The cause of acute pancreatitis in the majority of the cases is either alcohol abuse or gallstones. There are, however, other causes, such as hypertriglyceridemia, hypercalcemia, selected infections, obstructing pancreatic tumors, and trauma to the pancreas. Hereditary forms of acute pancreatitis have also been described due to mutations in the trypsinogen gene or the trypsin inhibitor gene. In addition, many medications have been associated with the development of acute pancreatitis. Selected examples are asparaginase, azathioprine, estrogens, furosemide, sulfonamides, tetracycline, and thiazide diuretics. The mechanism of pancreatic injury following ingestion of these medications may be related to hypersensitivity to the drug or accumulation of a toxic drug metabolite in the pancreas. In about 20% of cases of acute pancreatitis, a specific cause cannot be identified.
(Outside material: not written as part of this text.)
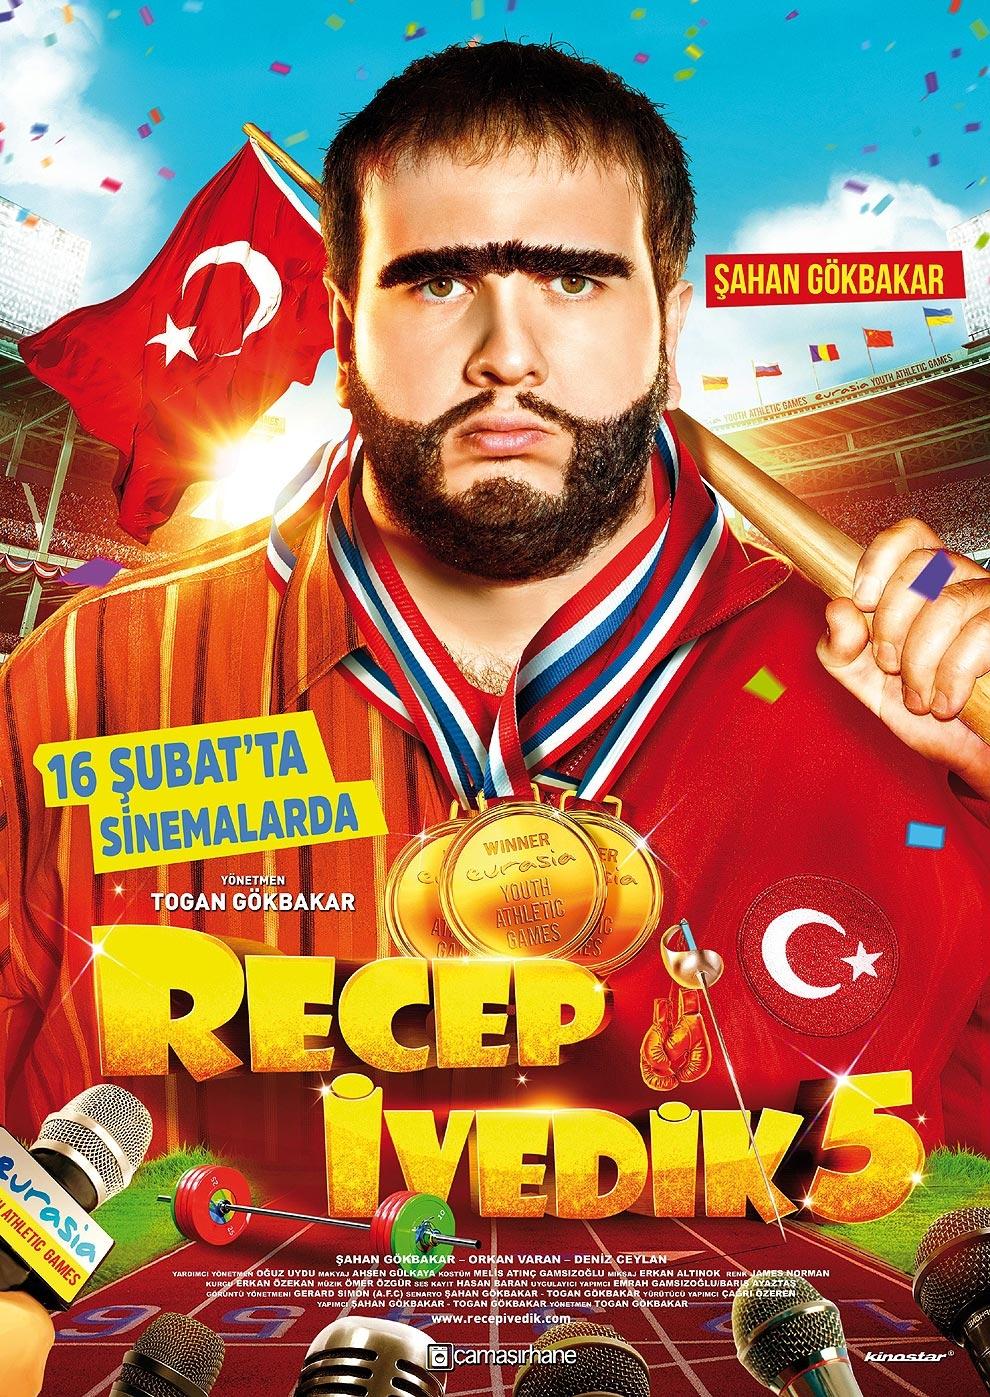 Recep Ivedik 5 (Poster)

This is known as idiopathic acute pancreatitis.

Diagnosis

A large number of potential markers (carboxyester lipase, carboxypeptidase, trypsin, trypsinogen-2, pancreatitis-associated protein, trypsinogen activation peptide, C-reactive protein, and tumor necrosis factor) are discussed in the literature as possible for the diagnosis of acute pancreatitis; however, none of them are typically available in most hospital laboratories. In fact, acute pancreatitis is not solely diagnosed by a biochemical marker but rather by a combination of history, clinical presentation, and radiologic and laboratory findings (Table 17–1).

Nonspecific laboratory findings include, but are not limited to, aminotransferase elevations, mild-to-moderate leukocytosis with a shift toward immature forms, hyperglycemia, mild hyperbilirubinemia, and a decreased serum calcium level.

More specific biochemical tests used for the diagnosis are amylase and lipase. Historically, an amylase level greater than 3× the upper limit of normal was considered diagnostic for acute pancreatitis, and lipase findings were helpful but not as useful. The problem with lipase was the existence of a number of different assay methods and no standardization between them. This has changed. Current assays for lipase are more standardized, and the lipase assay has several characteristics that make it a better marker for acute pancreatitis.

Temporally, in acute pancreatitis, amylase will rise and fall over a shorter period of time (rise over 6-24 hours, peak at 48 hours, and normalize in 5-7 days). Lipase has different temporal kinetics (rise over 4-8 hours, peak at 24 hours, and normalize in 8-14 days). Therefore, it is more possible to miss an amylase elevation than a lipase elevation. In addition, despite the fact that neither marker is organ specific for the pancreas, lipase has relatively greater pancreas specificity than amylase. There are a larger number of conditions that can result in non-pancreatitis hyperamylasemia than there are that can result in hyperlipasemia. Conditions associated with non-pancreatitis increases in both amylase and lipase include biliary disease, intestinal obstruction, pancreatic pseudocyst, and renal impairment. Clinical conditions associated with elevations in amylase without a corresponding increase in lipase include macroamylasemia, ruptured ectopic pregnancy, salivary gland disease, and abdominal and thoracic malignancies. Renal failure is the most common extrapancreatic condition associated with an elevated serum lipase level. About 80% of patients with renal failure have lipase levels 2 to 3 times the upper limit of the reference range, and about 5% have an elevation more than 5 times the upper limit of normal.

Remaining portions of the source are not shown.